Post Number: 2058
|Posted on Thursday, January 04, 2007 - 1:31 am: || |
The Detroit auto show draws near, and the US auto firms are predicted to keep on hurting badly for the next half decade...
AP story referred by Forbes:
"Auto executives worldwide expect slower North American sales growth and more parts supplier bankruptcies during the next five years, according to a survey taken by the auditing and consulting firm KPMG LLP.
They also see high fuel prices permanently etched in consumers' minds, sending them away from trucks and sport utility vehicles to hybrids and low-cost cars, and that doesn't bode well for Detroit's Big Three, according to the survey being released Thursday."

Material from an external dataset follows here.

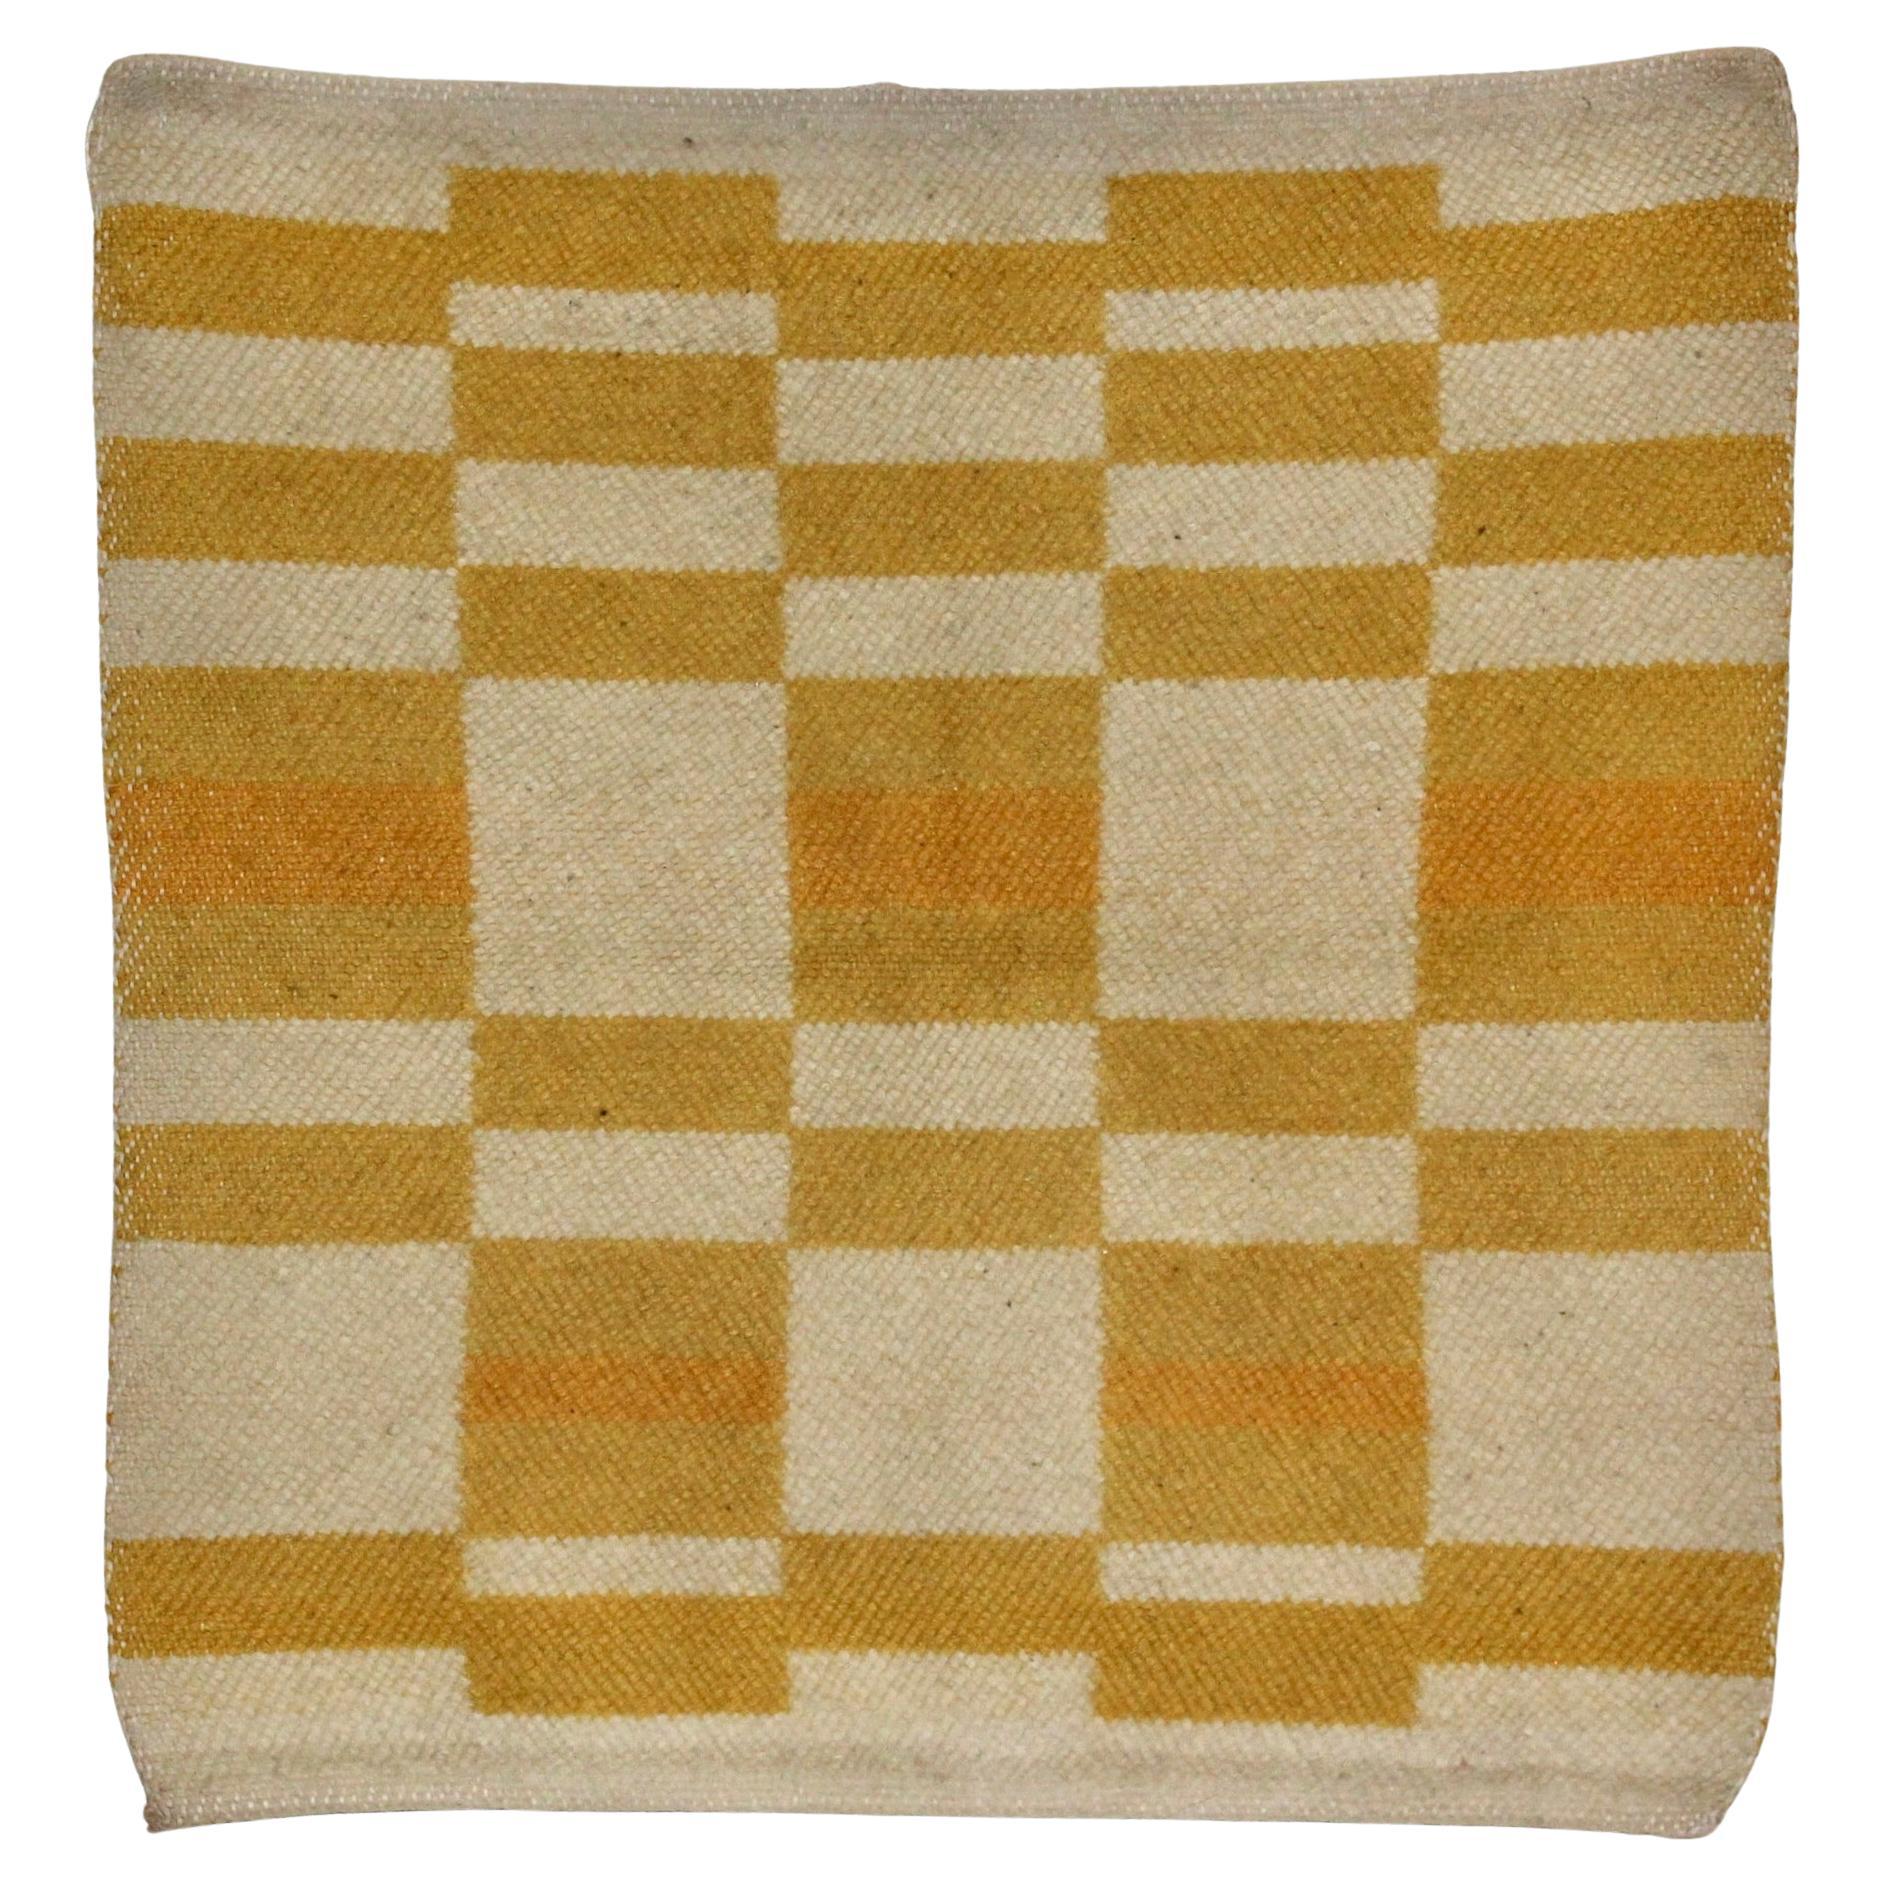 Important Anni Albers style Bauhaus or Black Mountain Period Hand Weaving
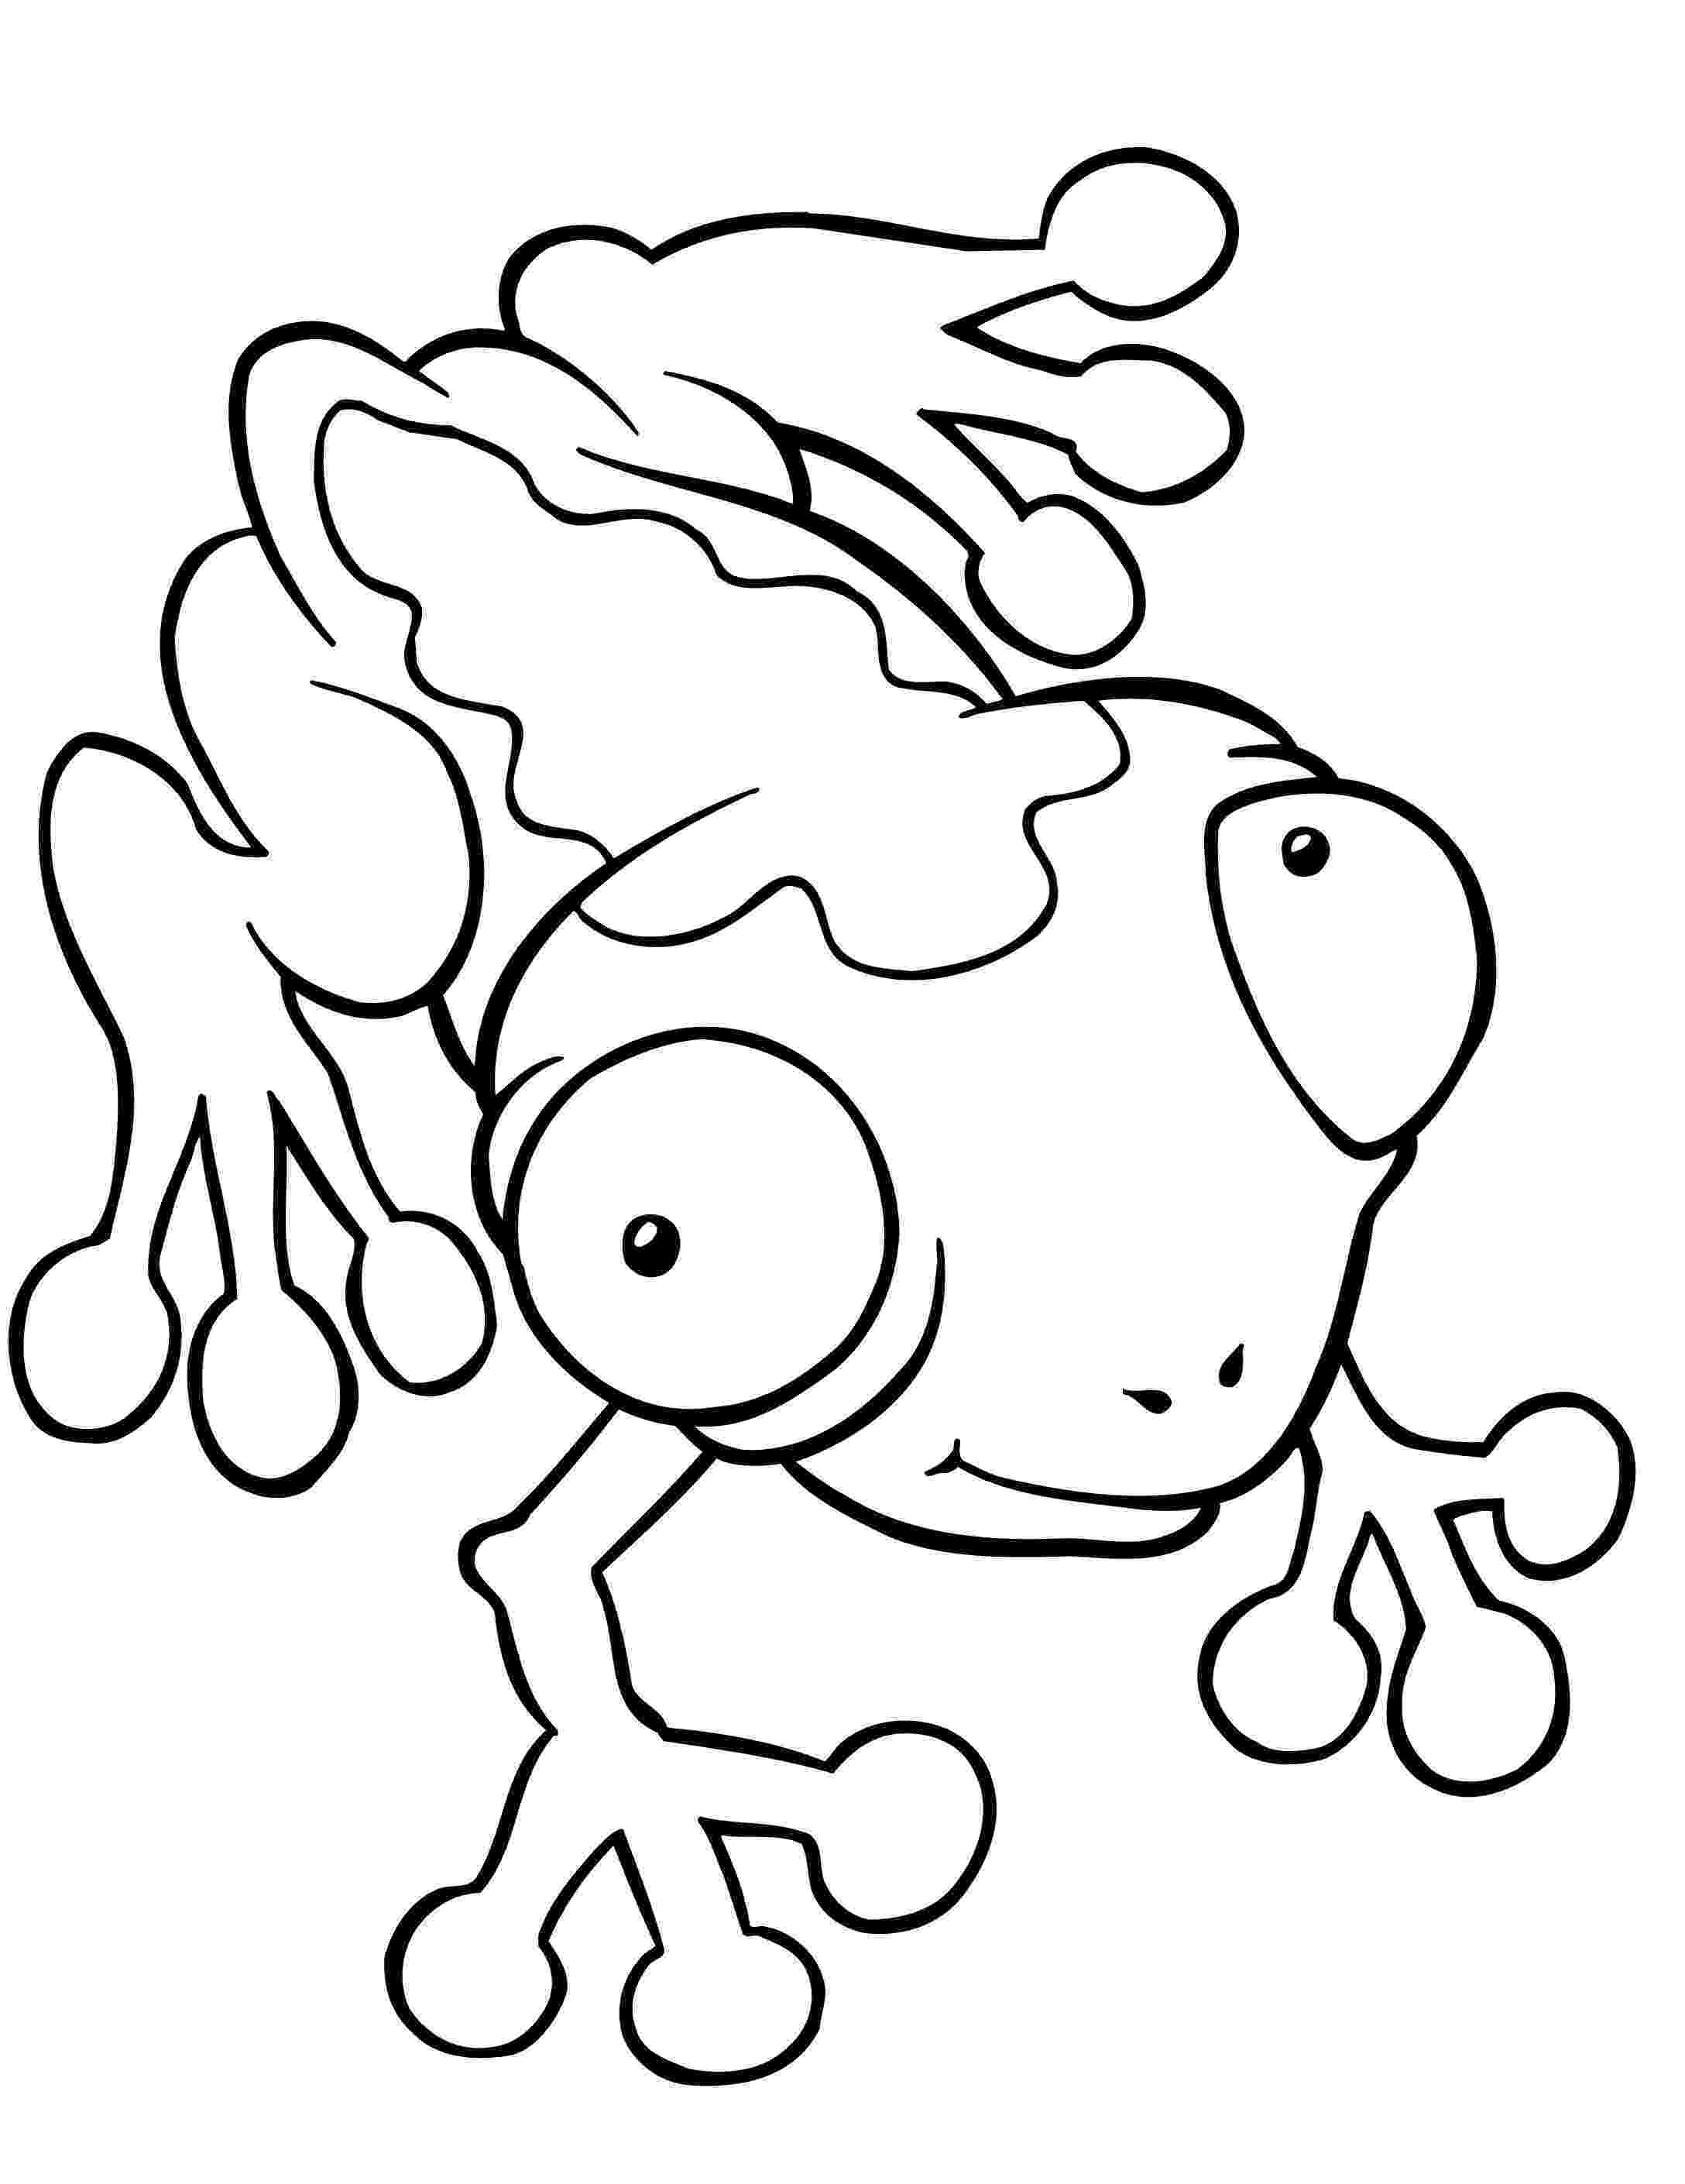 frog color by number frogs coloring pages to download and print for free color by frog number

"Fifty-six percent of the executives predicted more bankruptcies in the next five years as the industry continues to shake out weaker companies, while 31 percent said bankruptcies would remain the same as this year."
"The executives think that Asian brands will continue to grow worldwide during the next five years at the expense of U.S. brands. Seventy-one percent said the market share of the North American brands would decline worldwide during the next five years as demand for cars in developing markets continues to grow.
They also predict that Chinese brands will start to capture a significant share of the worldwide market, and that U.S. brands are not positioned as well to sell vehicles in emerging markets, the survey said."